IE: The Replacements were one of those totally unique outfits that effortlessly jumped from style to style, a trick few bands have managed to master. But “Wronger” fits neatly beneath that eclectic umbrella.

TS: I appreciate that. And that’s kind of how I feel about it, too. We all grew up with eclectic musical taste, and a lot of that had to do with (Twin Tone Records mastermind) Peter Jesperson. Especially on my part — he’s been my total musical guru since I was a kid and still is now. And he and his son actually executive produced this album — I’d send them stuff and say, “What do you think about this?” And “What do you think about that?” And they’d put in their two cents on it, and I’d address it accordingly and work it out, one way or the other. But it was super, super important, and super, super helpful. And I’ve pretty much made every record that way with Peter, although the only time I really didn’t might have been the first Bash & Pop record (1993’s **Friday Night is Killing Me). But I think after that and before that, he’s been a part of everything.

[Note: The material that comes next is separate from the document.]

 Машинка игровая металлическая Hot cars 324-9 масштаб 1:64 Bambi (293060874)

IE: And John Doe from X got involved, too, right?

TS: Yeah. John Doe had moved down to Austin, Texas, and we had some time to kill. And my friend Christine Smith had a studio that she was working at and doing stuff out of, so it just kind of worked out as the perfect storm. And that’s where we started the recording process of this record — that was the first five songs on the record, which would have been “Karma’s Bitch,” “Hey Man,” “Fall Apart Together,” “Mr. Wrong,” and “We Ain’t.” Those five songs are the first things we recorded down there with him, and that was the start of the album.

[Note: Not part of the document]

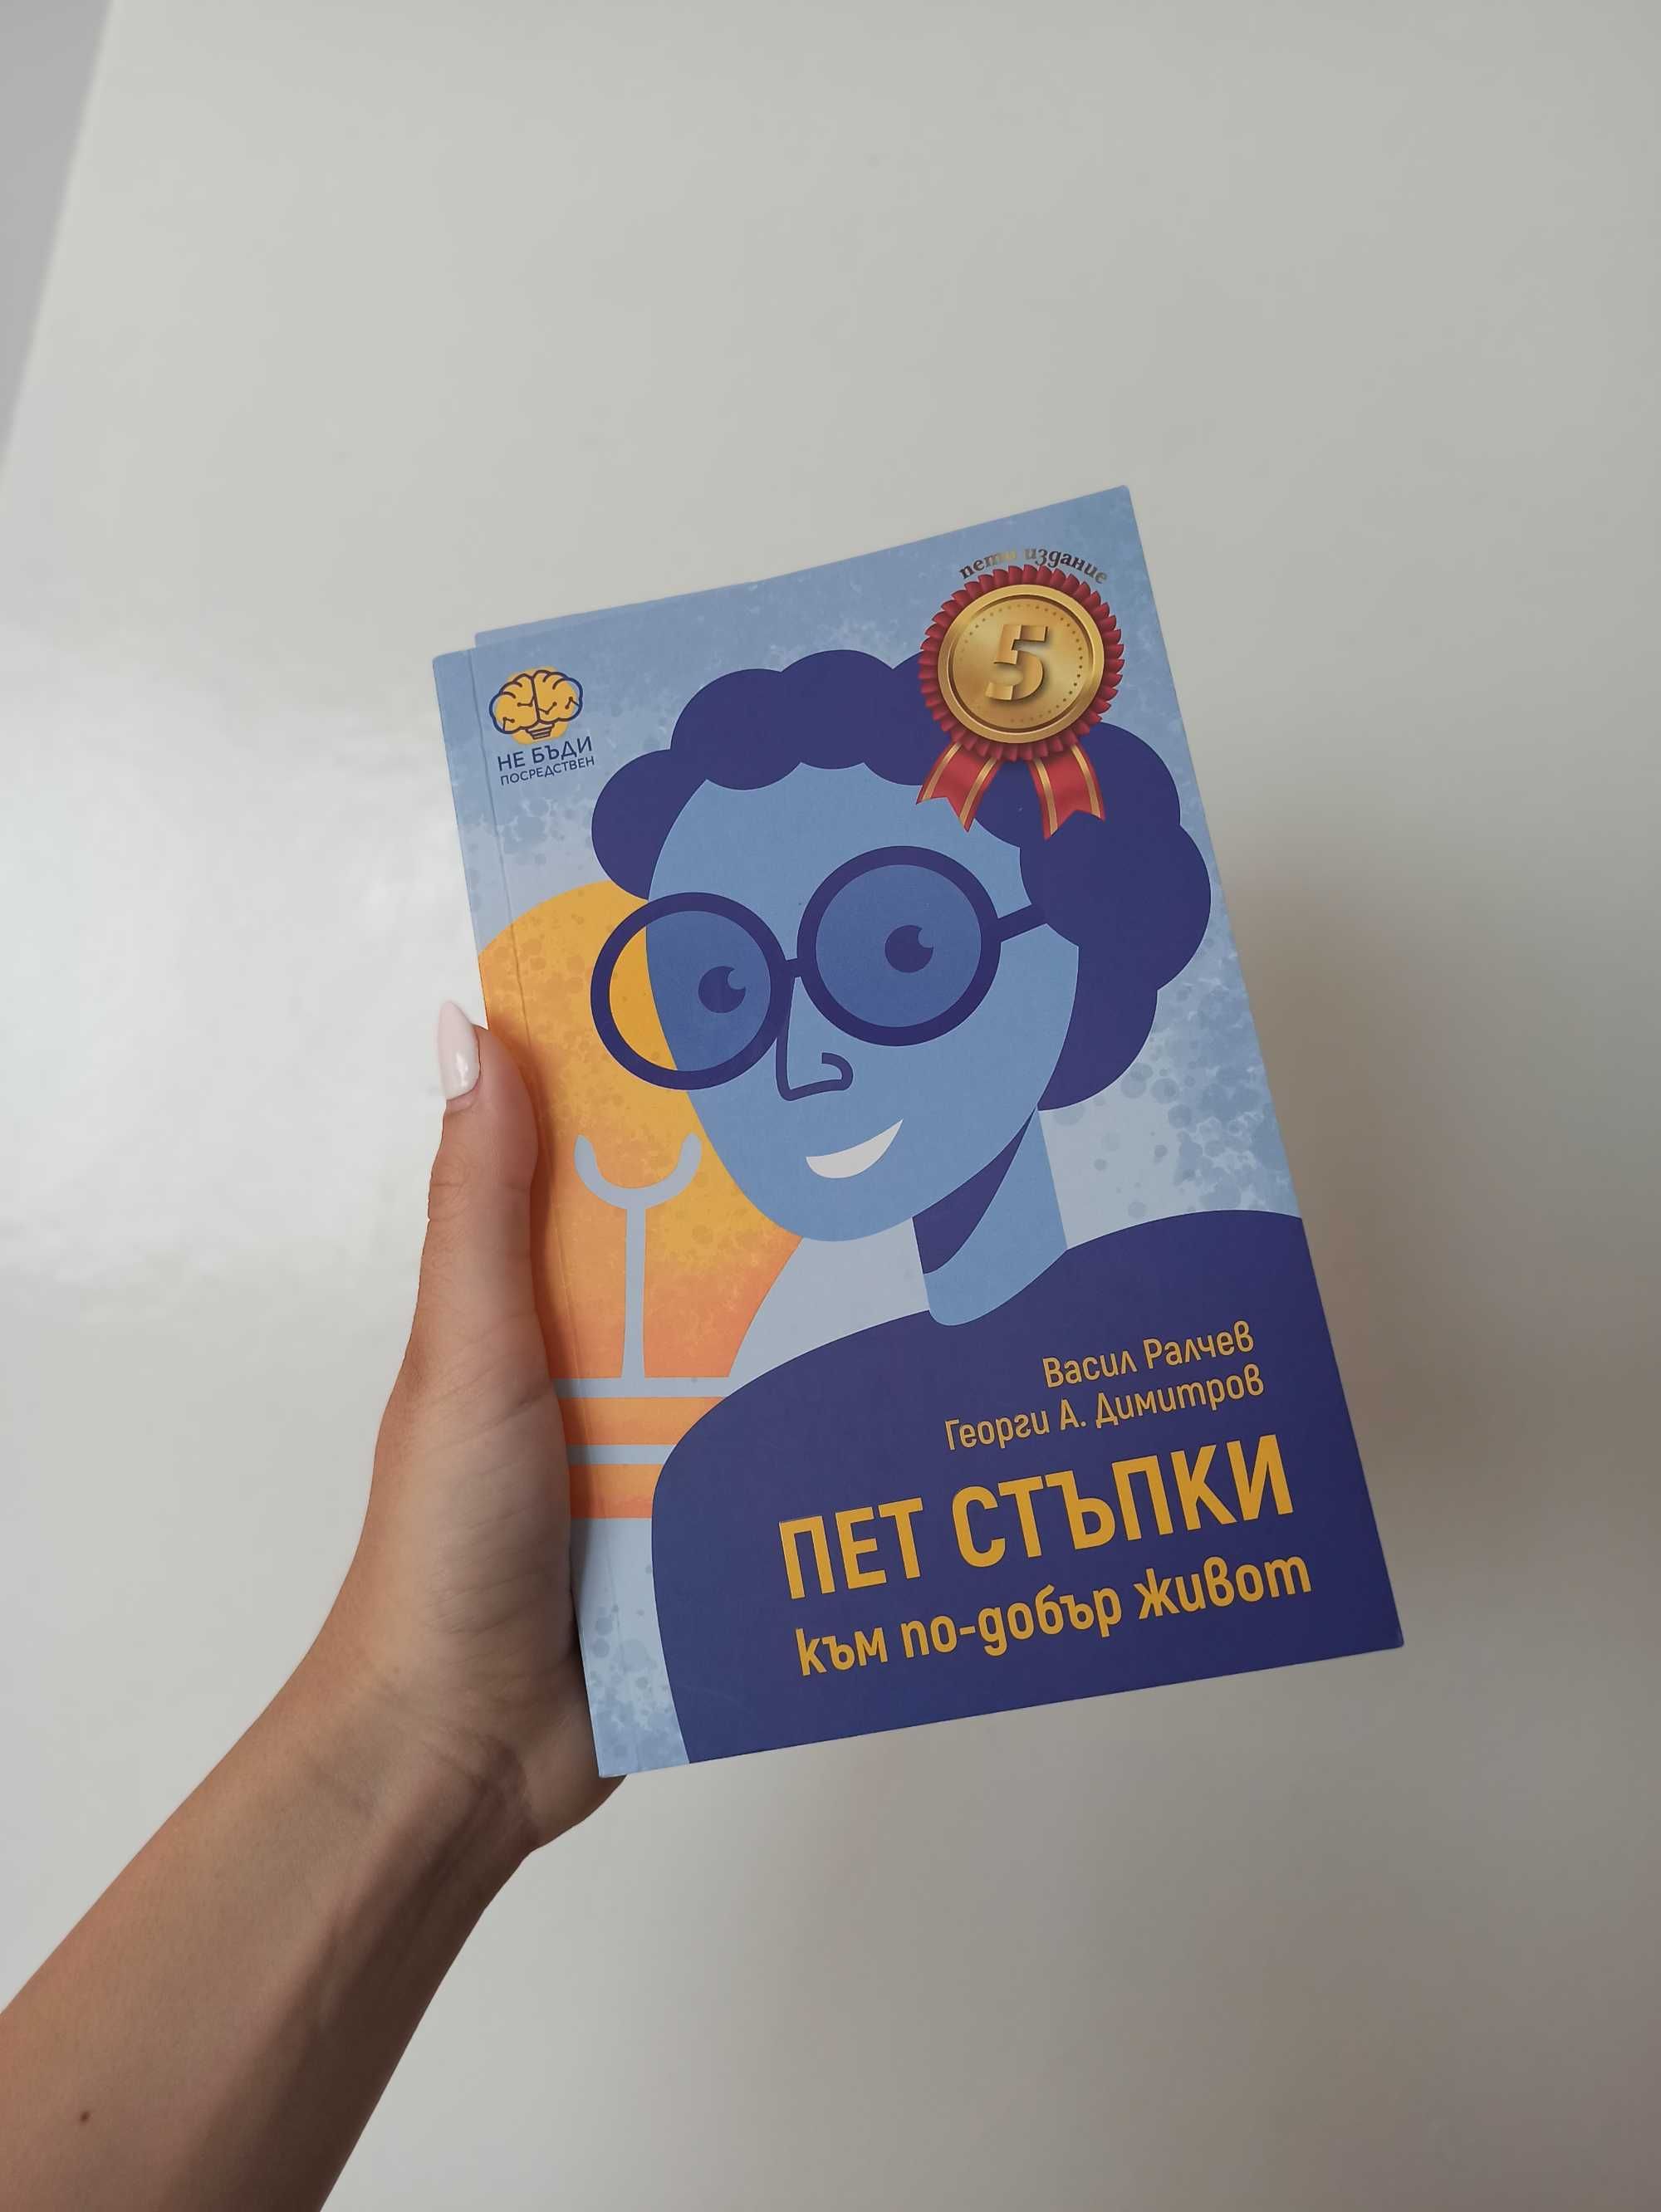 Книга Пет стъпки към по-добър живот - Васил Ралчев, Георги А. Димитров

IE: Has Talulah shown any curiosity about writing or recording music? Or does she steer in the opposite direction?

TS: She’s doing her own thing. She sees her older sister Ruby getting into it, but I think she just kind of prefers to do something different, a whole different trajectory, and I’m not even sure what that is as of yet. But not at this time, anyway. She’s not really showing any signs of being musically inclined.

IE: It’s kind of cool that now, after roughly 45 years in showbiz, you can suddenly turn left or right, artistically, and your audience will happily go along.

TS: Yeah. And lucky me, that I can do that, and that I get to do that and WANT to do that. I like to challenge myself, and I like to push the envelope, one way or the other, on my own self, and on my own background and past, and just see what comes of it. Always. I’ve always been that way.